Al principio no entendía mucho de posiciones, marcas y esas cosas de fútbol, pero sí, sabía que estaba haciendo algo que me gustaba mucho. Pasó el tiempo y para mí, ir a entrenar, se convirtió en una responsabilidad. Recuerdo que me gustaba llegar siempre temprano, no faltaba nunca, iba llena de energías como la mayoría de los niños y durante el entrenamiento no paraba un segundo. Disfrutaba de cada uno de ellos y no saben la locura del partido del domingo, contaba cuántos días faltaban para ponerme el equipo y jugar.
La cancha era una fiesta.
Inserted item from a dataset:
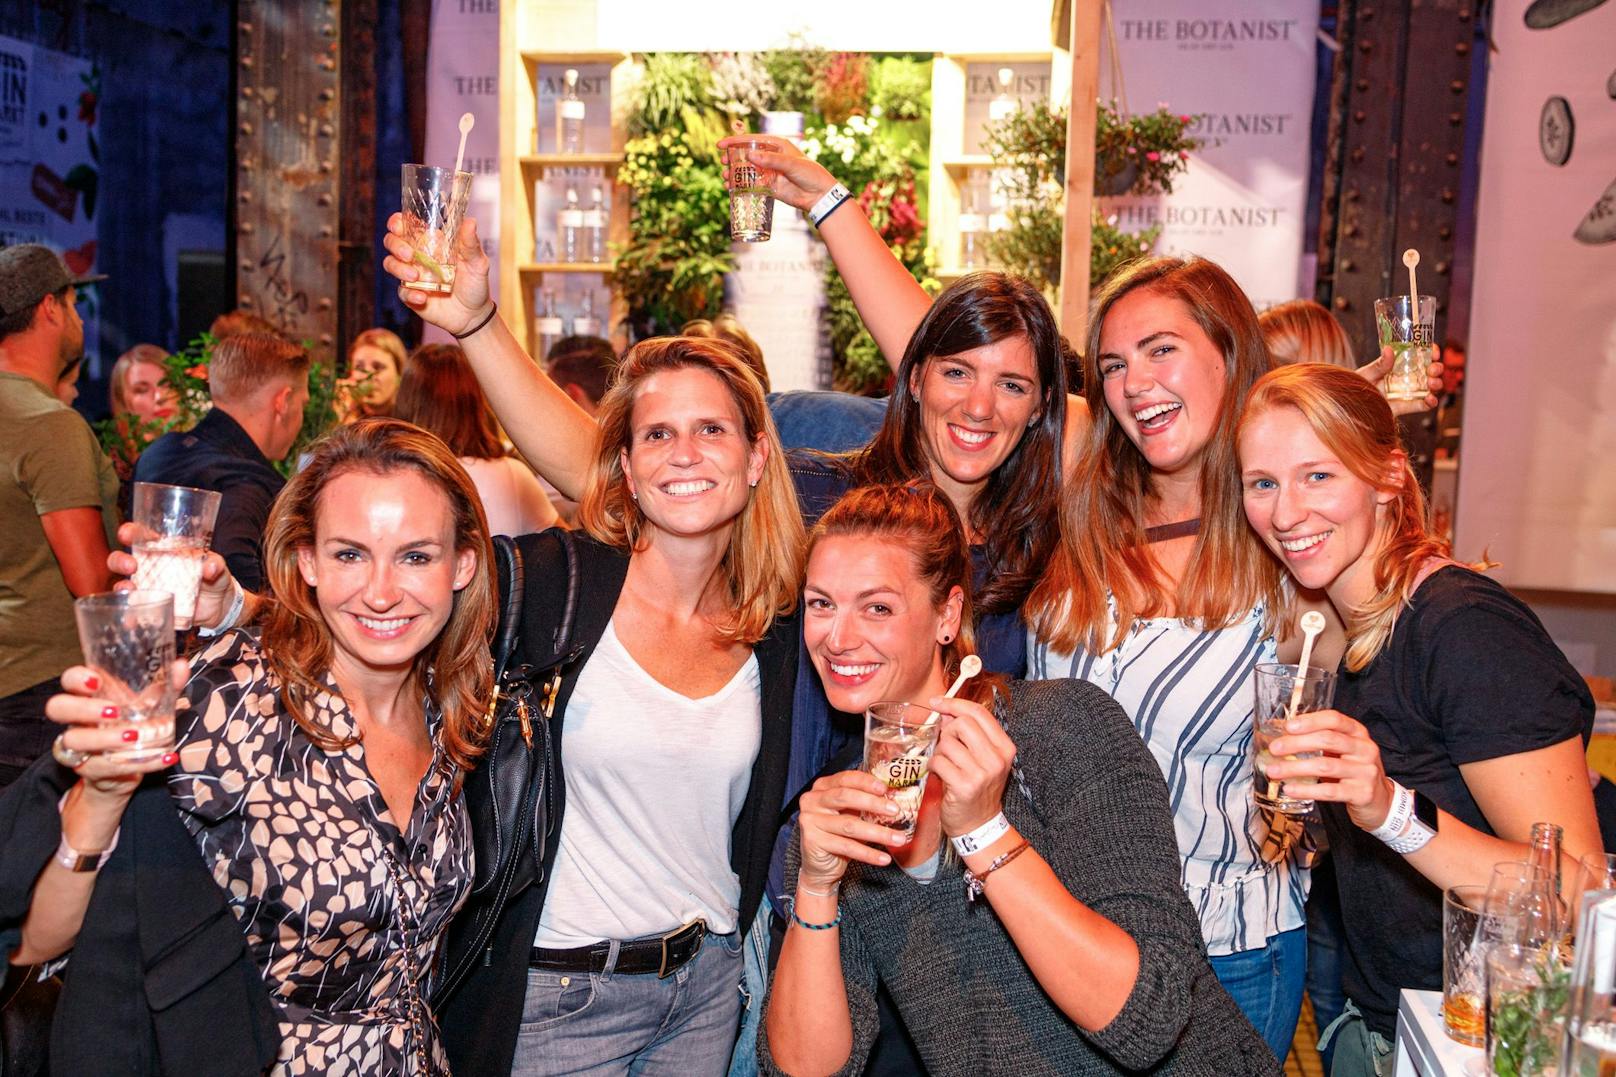 Am 24. und 25. September 2021 findet das Rumfestival gemeinsam mit dem Ginmarkt in der Ottakringer Brauerei statt.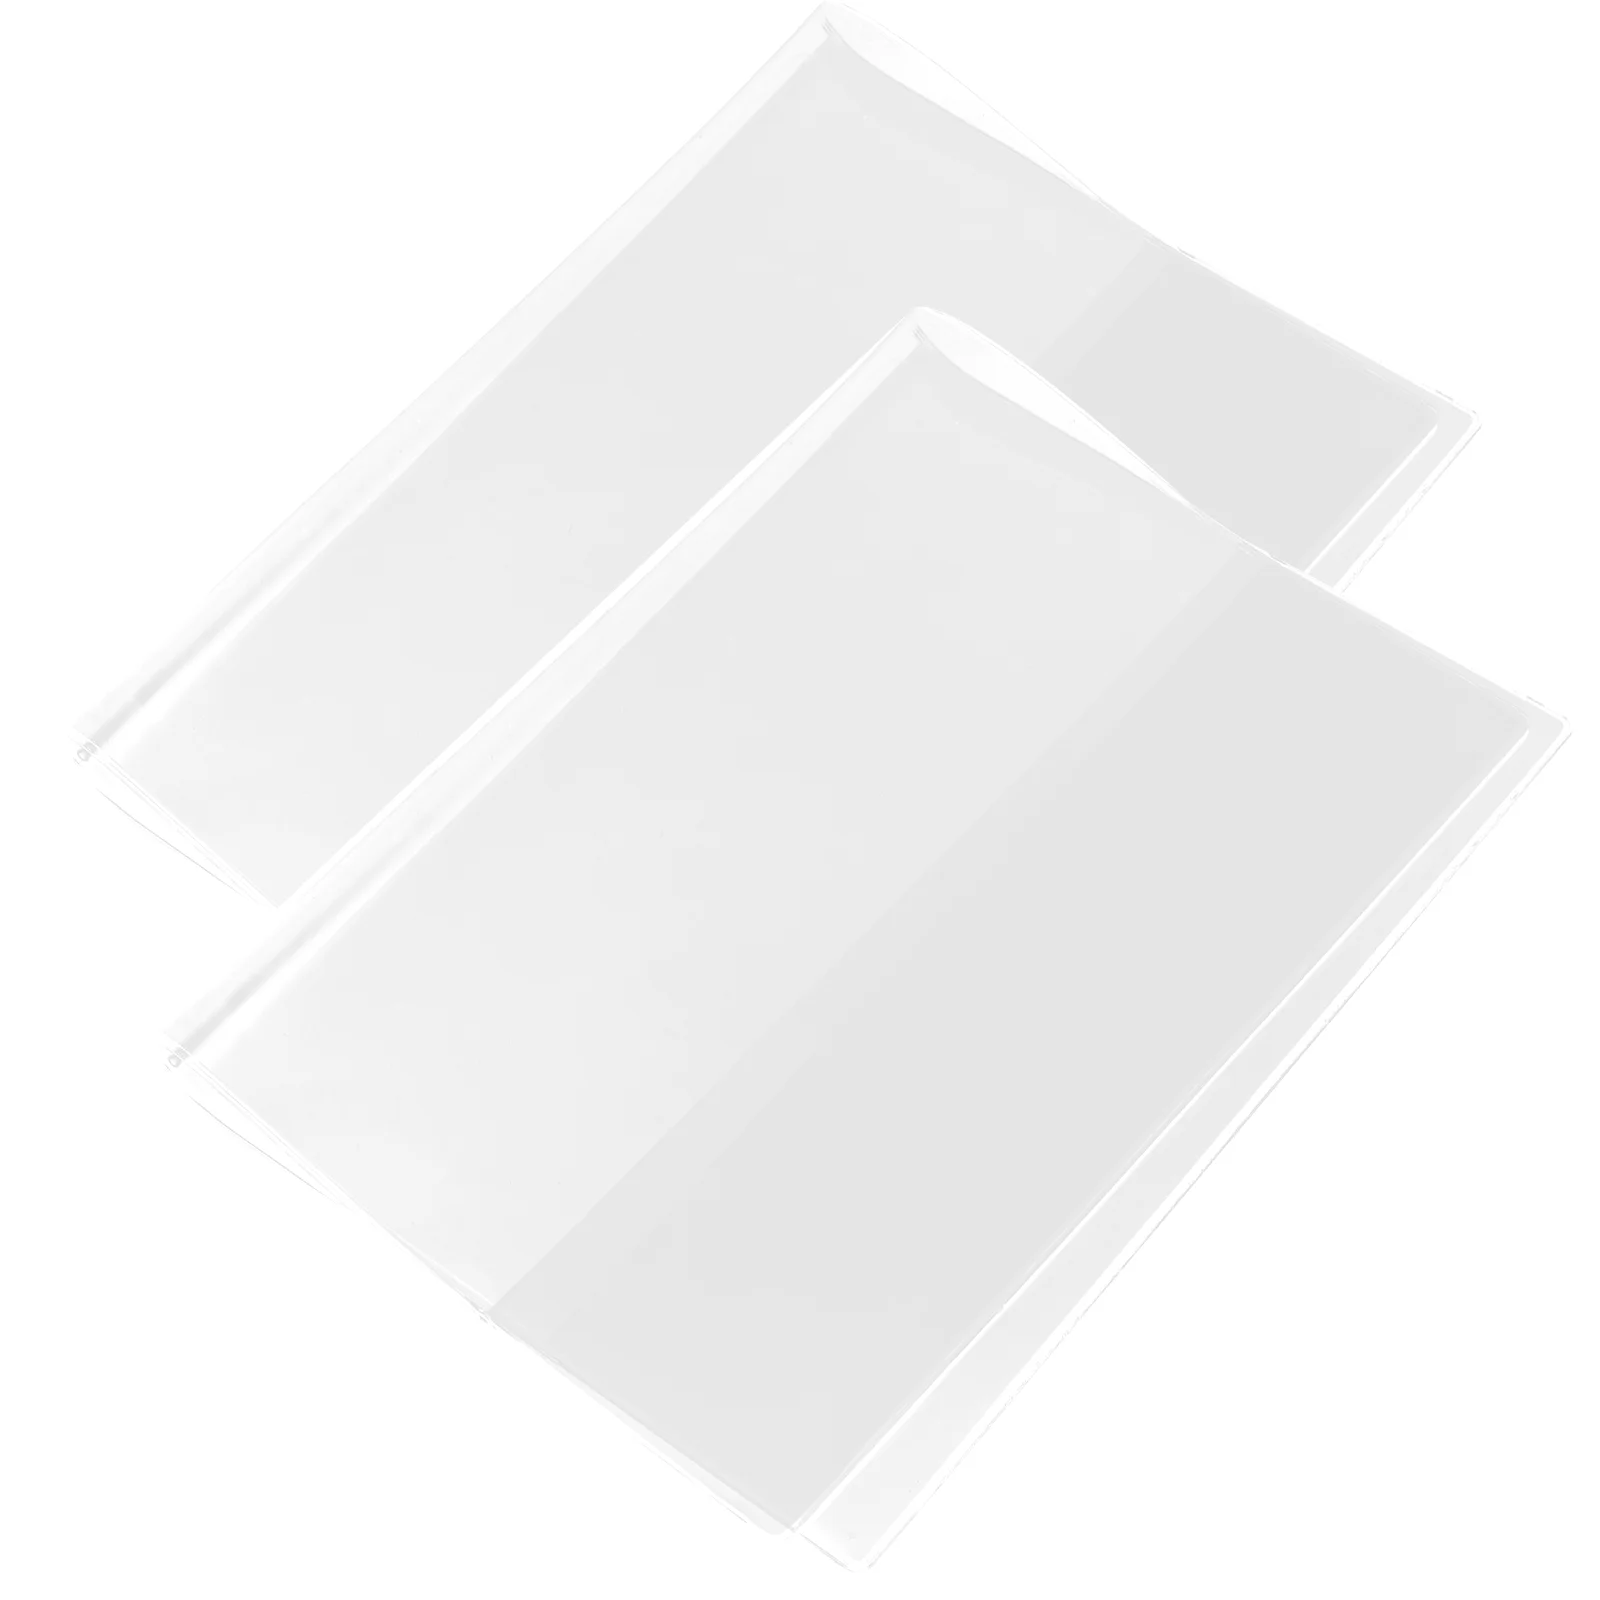 

Чехол-книжка прозрачная защитная пленка для блокнота для скрапбукинга защитный чехол для блокнота анти-обложки бумажная тетрадь для книг A5

Mi mamá o mi papá me ayudaban a cambiarme y antes de entrar a la cancha siempre hacía lo mismo, miraba mis medias y veía que me quedaban enormes, el pantalón casi me tapaba las rodillas, abría los brazos y podía sentir lo grande que me quedaba la camiseta, pero miraba mis pies y encontraba siempre algo bien ajustado, mis botines. Mis botines no podían estar flojos, ni un poquito grandes, ni un poquito chicos, siempre perfectos en los pies.
Así entrábamos todos, uno atrás del otro, empezaban los bocinazos de los autos y los papás gritando como locos. Recuerdo que la mayoría de los árbitros me trataban un poco diferente sólo por ser nena, a veces me perdonaban alguna falta o cobraban cuando me chocaba alguien, pero la verdad, mucho no me importaba porque yo sólo quería jugar al fútbol. Sonaba el silbato, la pelota de un lado al otro y yo corría para todos lados, jugaba en la defensa y terminaba como delantera, pero, así como subía, también bajaba. Finalizaba el partido y recibía el amor inmenso de mis padres que me esperaban del otro lado del tejido y también el afecto de los papas de mis compañeros.
Soy una afortunada por eso, siempre me trataron con mucho cuidado. Tuve la suerte de que me dirigieran excelentes profes de los cuales aprendí muchísimo, un gran grupo de compañeros que me respetó siempre, y el cariño de la gente del pueblo que iba a la cancha.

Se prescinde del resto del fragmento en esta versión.